Framing Beeminder goals as Pigouvian taxes

I thought the question of “what negative externality on my future-self am I trying to avoid with this goal?” was interesting and tried to write them down for all 30 of my goals. It was an interesting exercise!

This doesn’t cover quite everything but the major common features were:

  • a. it’ll stop me getting stressed
  • b. it puts me in the habit of doing a bit of something (nearly always with the intention that it’ll make it easier to do more of it later)
  • c. it’ll stop me wasting money
  • d. it’ll stop me from having an unfinished project (generally something that takes up excess mental or physical space)
  • e. it’ll stop me from being my best self

(Edited to add: I just realised I turned some of those into positives while summarising, the negatives were “get stressed” etc.)

It was also obvious that some goals operate on different time scales to others and that affects how I think of them:

  • short - if i derail on these the consequences pile up quickly in days/weeks
  • medium - if i derail on these the consequences aren’t immediate but start to be felt in weeks/months,
  • long - these are ones where derailing has little effect but keeping at them for months/years has benefits.

Some observations:

  • most short term goals are (a) “don’t get stressed” but some of the long term ones are too.

  • pretty much all the (e) “be your best self” goals are long term ones

  • the (e) “be your best self” feature the most ill-defined of the features above but might also be the most important to me - it’s inherent in every goal but a more obvious feature of some than others

  • some goals have confused intentions - e.g. am I concerned about the short-term problem of getting value out of a fitness subscription or the long-term problem of staying healthy as I get older?
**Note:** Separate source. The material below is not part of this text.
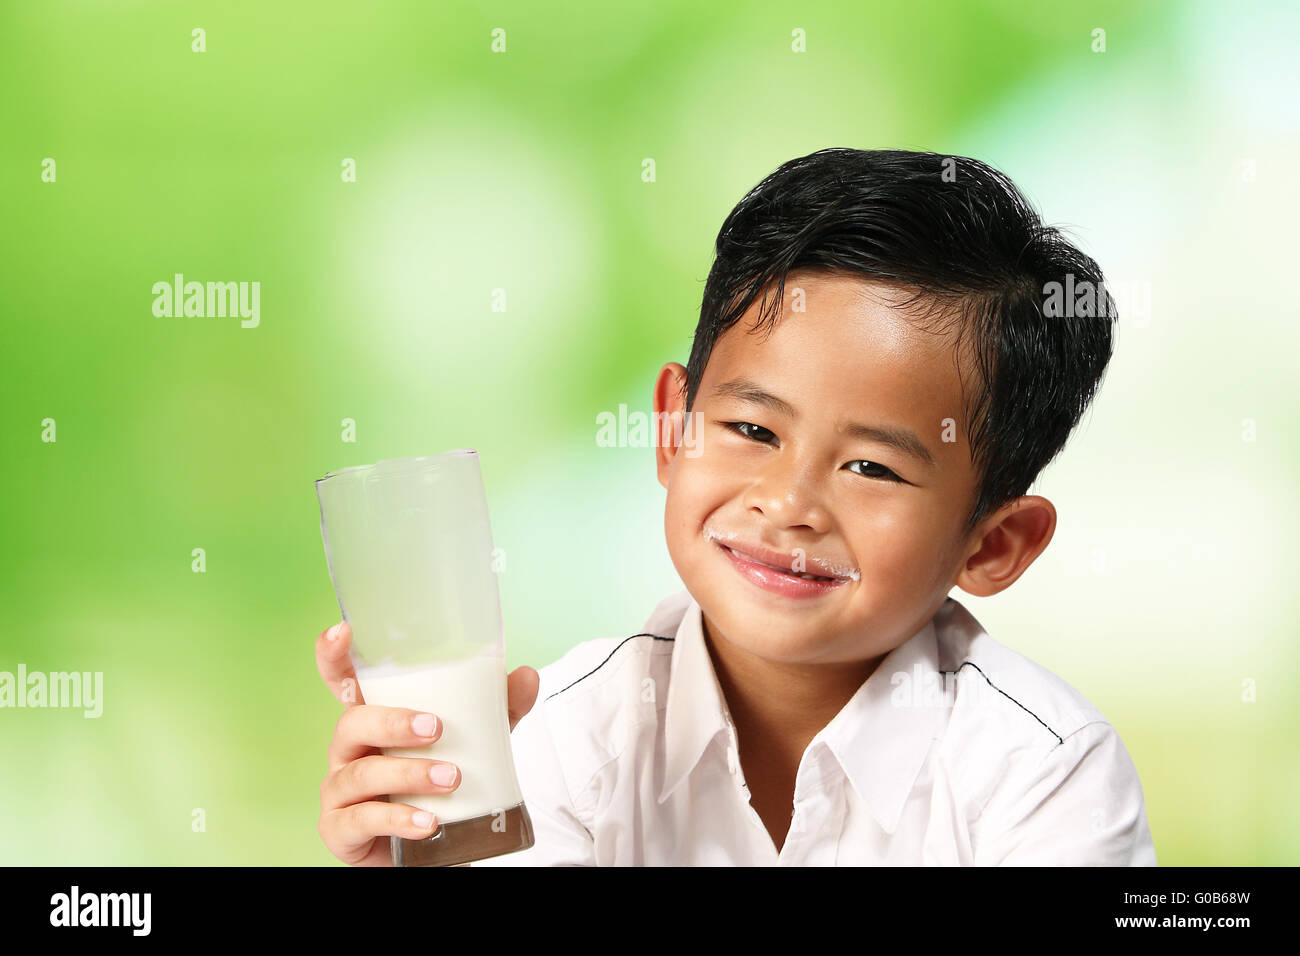 Young Asian boy smiling and holding a glass of milk over green blur background Stock Photo

  • I think I have my view of beeminder pretty much firmly in the “taxes not punishment” framing anyway but

    • derailing on a short term goal feels like the higher price you pay for consuming from the in room mini-bar rather than going down to the bar (or the grocery store)

    • derailing on a long term goal feels more like putting a purchase I can’t afford on a credit card and I’m going to pay extra interest for it in the end but for today-me it makes no difference.
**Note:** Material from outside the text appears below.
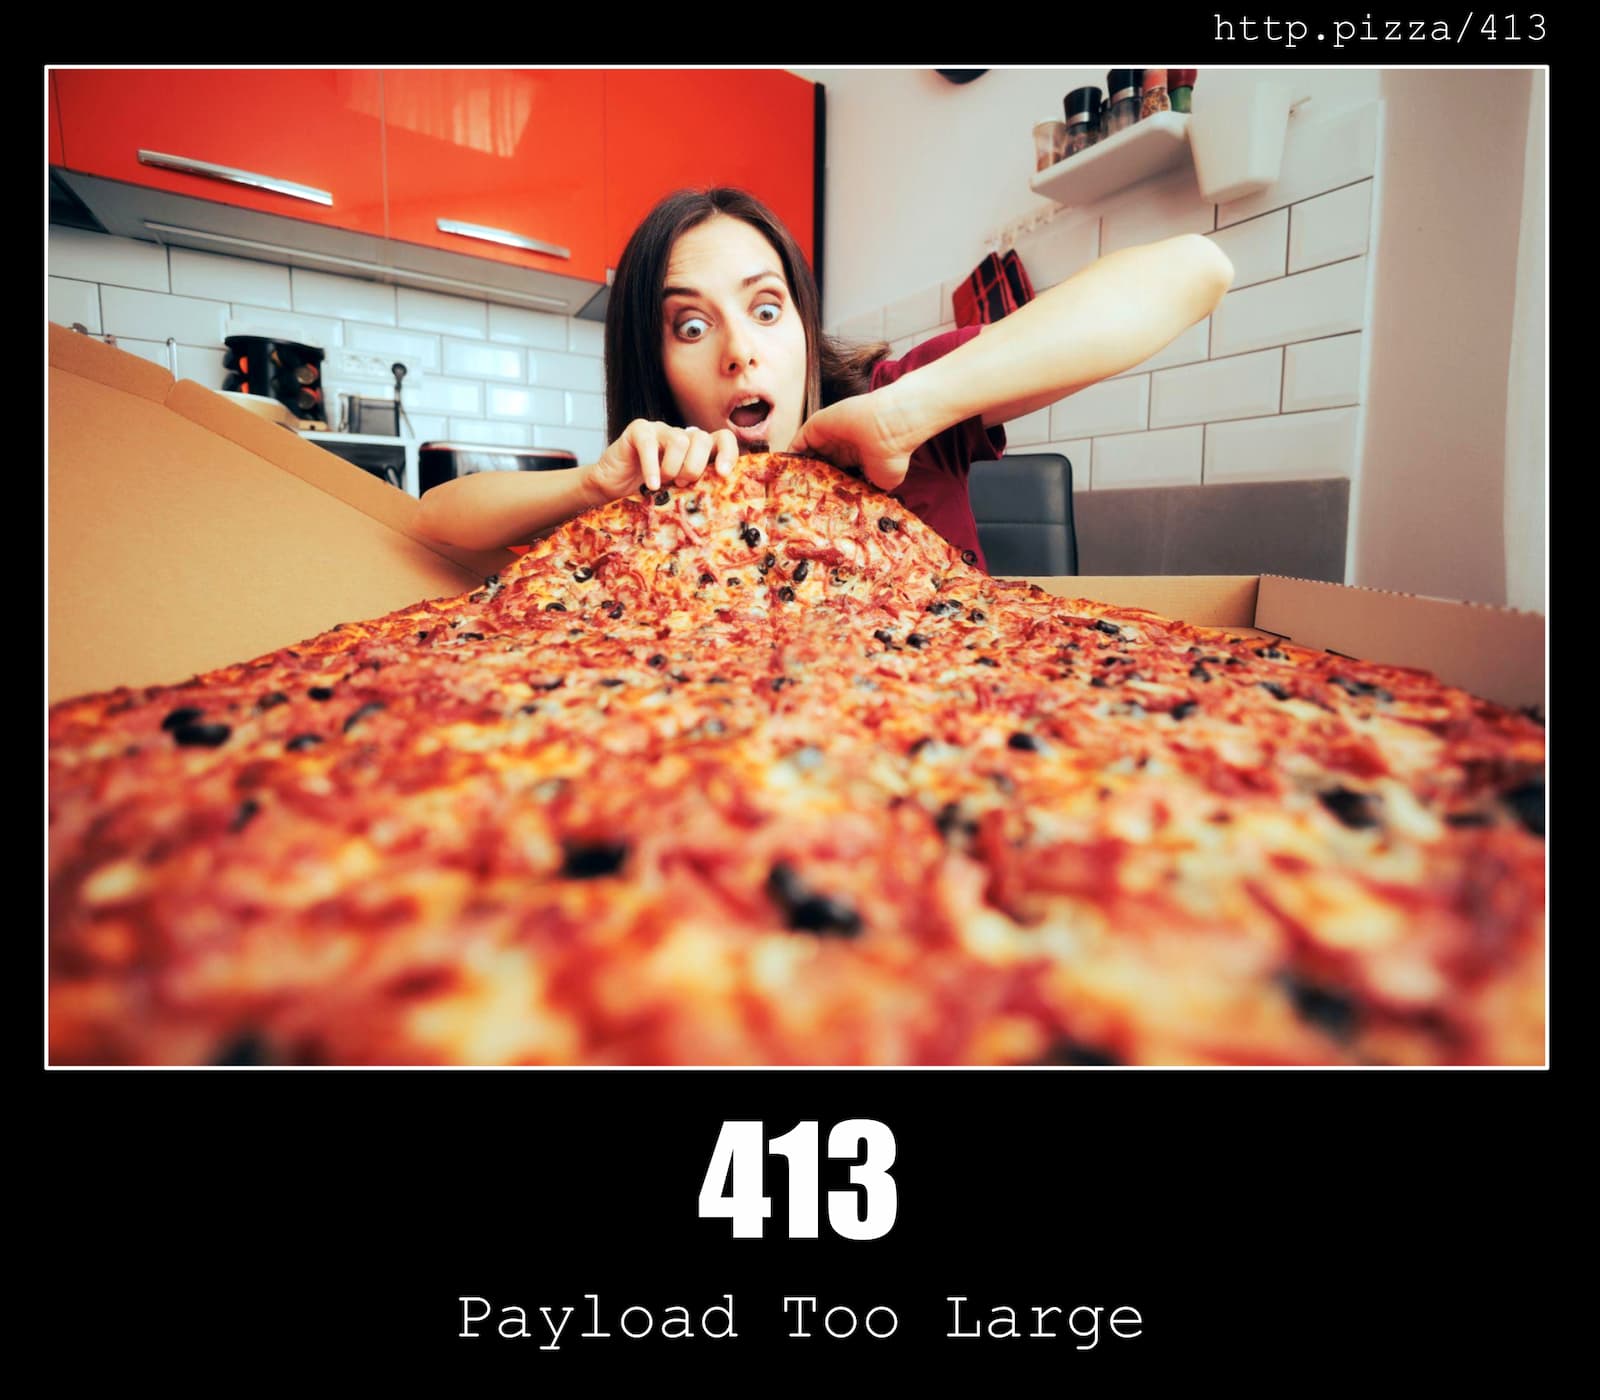 HTTP Status Code 413 Payload Too Large & Pizzas

    • an aside that I thought was irrelevant until I thought a bit more - both of the above analogies are things I avoid doing in real life but I have a much stronger aversion to the credit card scenario than the mini-bar one because I think today-me better understands the short term trade-off.

  • at the moment I have most of my goals at a flat $5 derailment charge which is enough to motivate me most of the time and not enough to make me stop beeminding lots of things or worrying about the fine print of why I derailed, I just pay up, but I think my conclusion here should be that I should make my short-term goals be taxed at a higher rate. For long term goals keeping the goal going is more important, for short term ones doing it today rather than tomorrow is generally the priority.

  • I don’t have no excuses mode switched on but I think I generally treat derailments as type 4 “Taxing Quantified Self. No excuses except for forgetting to enter data.”. I try to keep everything over the akrasia horizon in order that “injury mode” is already built in and I feel like I’d only want a get-out clause in case of something that prevented me from amending my beeminder goals to reflect reality. I guess that would be “coma mode”. I could take my 30 goals all derailing once but I’d hope beeminder would realise something was up at that point and stop charging me! (And I think that definitely falls in the “opposite of what your phone company would do”.)